Even fibre-optic cables that are more difficult to tap into are now somewhat vulnerable. In 1985, according to Campbell, "cable-tapping operations were extended into the Mediterranean to intercept cables linking Europe to West Africa. The US is the only naval power known to have deployed deep-sea technology for this purpose".
When it comes to the internet, Campbell says: "Because most of the world's internet capacity lies within the US or connects to the US, many communications in 'cyberspace' pass through intermediate sites within the US. Communications from Europe to and from Asia, Oceania, Africa or South America normally travel via the US. It is thus possible (and reasonable) for messages travelling a short distance in a busy European network to travel instead, for example, via internet exchanges in California. It follows that a large proportion of international communications on the internet will by the nature of the system pass through the US and thus be readily accessible to the NSA."
To me, what is really frightening is when Campbell says in the EU report: "At the present time, internet browsers and other software used in almost every personal computer in Europe is deliberately disabled such that 'secure' communications they send can, if collected, be read without difficulty by the NSA. US manufacturers are compelled to make these arrangements under US export rules."
He continues: "The same technique was re-used in 1995, when the NSA became concerned about cryptographic security systems being built into internet and email software by Microsoft, Netscape and Lotus. The companies agreed to adapt their software to reduce the level of security provided to users outside the US. In the case of Lotus Notes, which includes a secure email system, the built-in cryptographic system uses a 64-bit encryption key. This provides a medium level of security, which might at present only be broken by the NSA in months or years."

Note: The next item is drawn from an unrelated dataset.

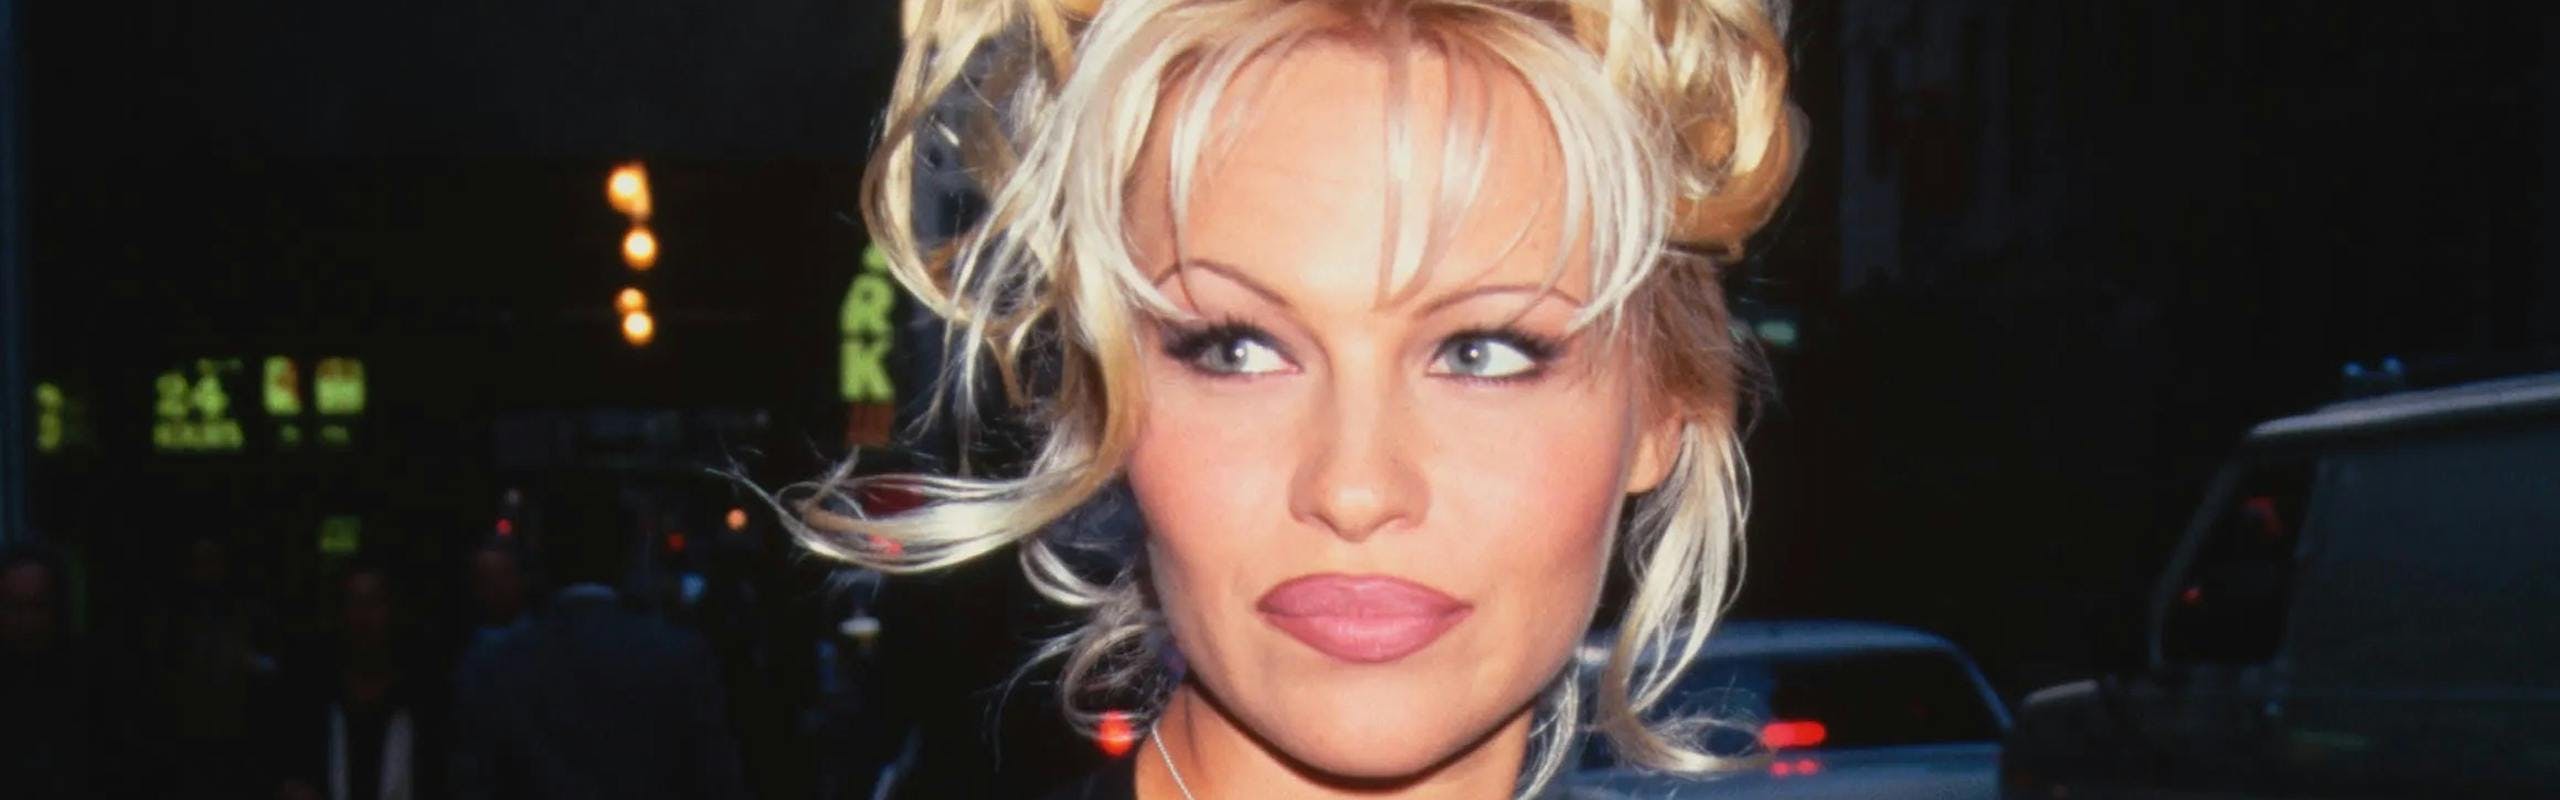 pamela anderson in 1990s makeup look

To get around the problem, "Lotus built in an NSA 'help information' to its Notes system, as the Swedish government discovered to its embarrassment in 1997. By then, the system was in daily use for confidential mail by Swedish MPs, 15,000 tax agency staff and 400,000 to 500,000 citizens," Campbell told the EU.
"Lotus Notes," he continued, "incorporates a 'workfactor reduction field' (WRF) into all emails sent by non-US users of the system. This device reduces NSA's difficulty in reading European and other email from an almost intractable problem to a few seconds work. The WRF broadcasts 24 of the 64 bits of the key used for each communication. The WRF is encoded, using a 'public key' system which can only be read by the NSA."

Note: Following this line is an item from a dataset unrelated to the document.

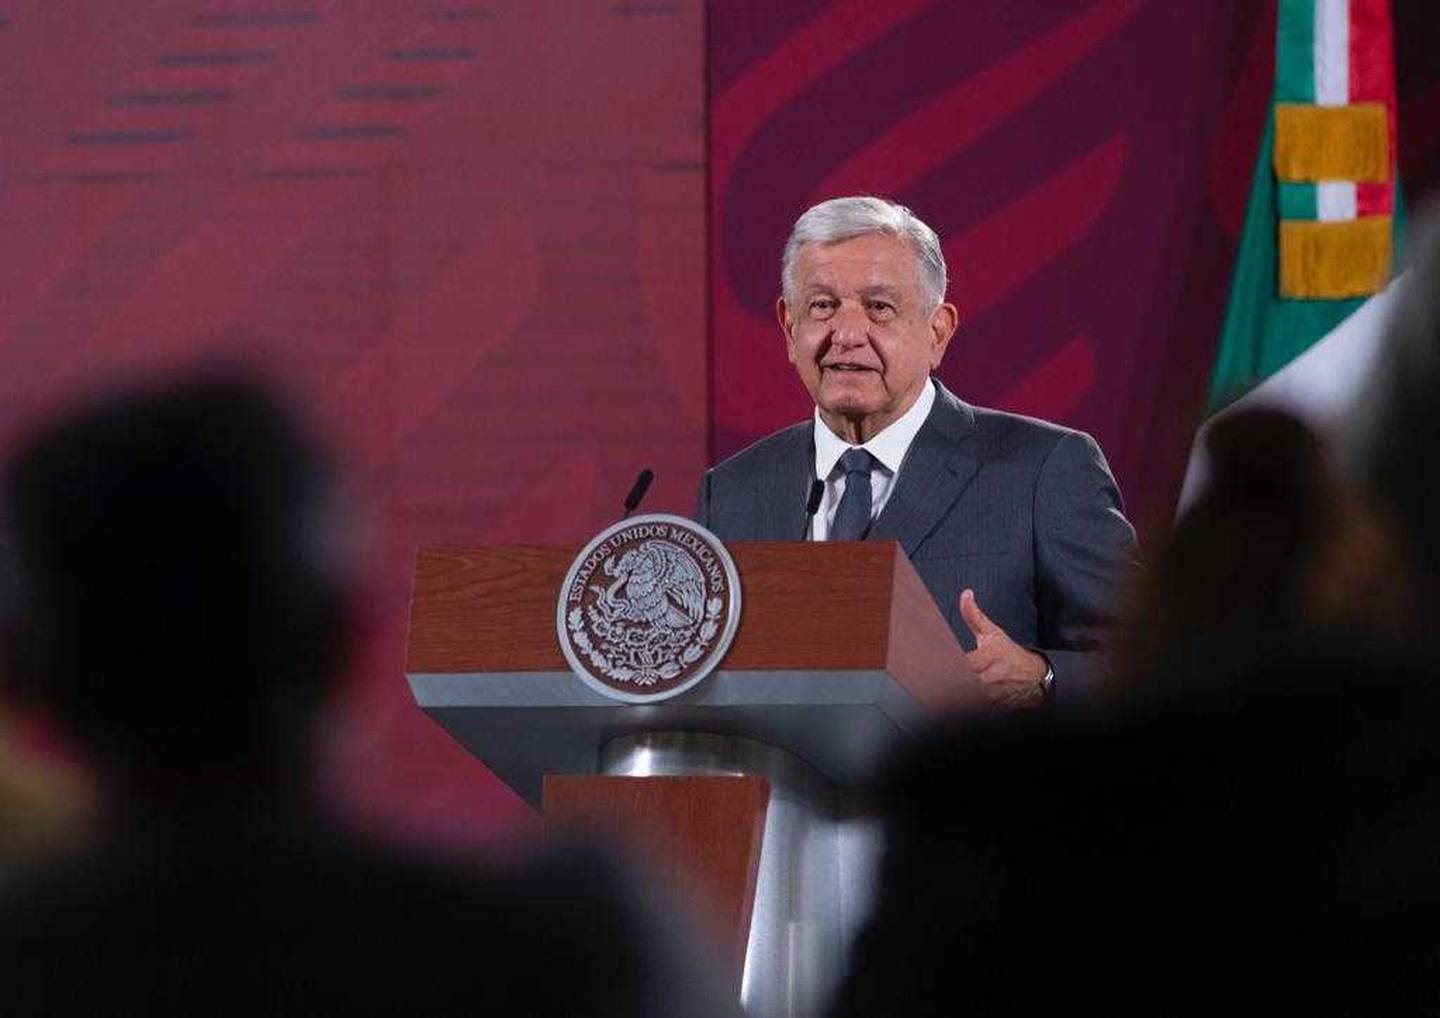 Andrés Manuel López Obrador, dijo que el Gobierno de Perú, es muy cuestionado por optar por la represión y no buscar una salida al conflicto mediante el diálogo y la democracia

When a red-faced Swedish government belatedly discovered in 1997 that it had been short-changed, Lotus admitted to Svenska Dagbladet (the Swedish newspaper that reported the case in its 18 November 1997 issue, headlined: Secret Swedish email can be read by the USA): "The difference between the American Notes version and the export version lies in degrees of encryption. We deliver 64 bit keys to all customers, but 24 bits of those in the version that we deliver outside of the US are deposited with the American government."
"Similar arrangements," Campbell told the EU, "are built into all export versions of the web browsers manufactured by Microsoft and Netscape. Each uses a standard 128 bit key. In the export version, this key is not reduced in length. Instead, 88 bits of the key are broadcast with each message; 40 bits remain secret. It follows that almost every computer in Europe has, as a built-in standard feature, an NSA workfactor reduction system to enable the NSA (alone) to break the user's code and read secure messages."
Where are you George Orwell? Big Brother is really watching us! But it is not all doom and gloom. There is a way out. The experts say high capacity fibre-optic cables, despite the attempts at deep sea tapping, still offer a good level of protection. The African Union should, therefore, find a way of resuscitating the now dormant Africa One project that involved the wiring up of the continent via fibre-optic cables.
On the personal level, encryption must be the key. If you can't encrypt, don't put sensitive messages in your emails and faxes or talk about them on the phone. Communications via satellites are the most vulnerable. It may even be necessary to resort to the old-fashioned method of passing on sensitive information--person to person, mouth to ear. Don't forget that the Echelon states also engage in economic espionage for their companies.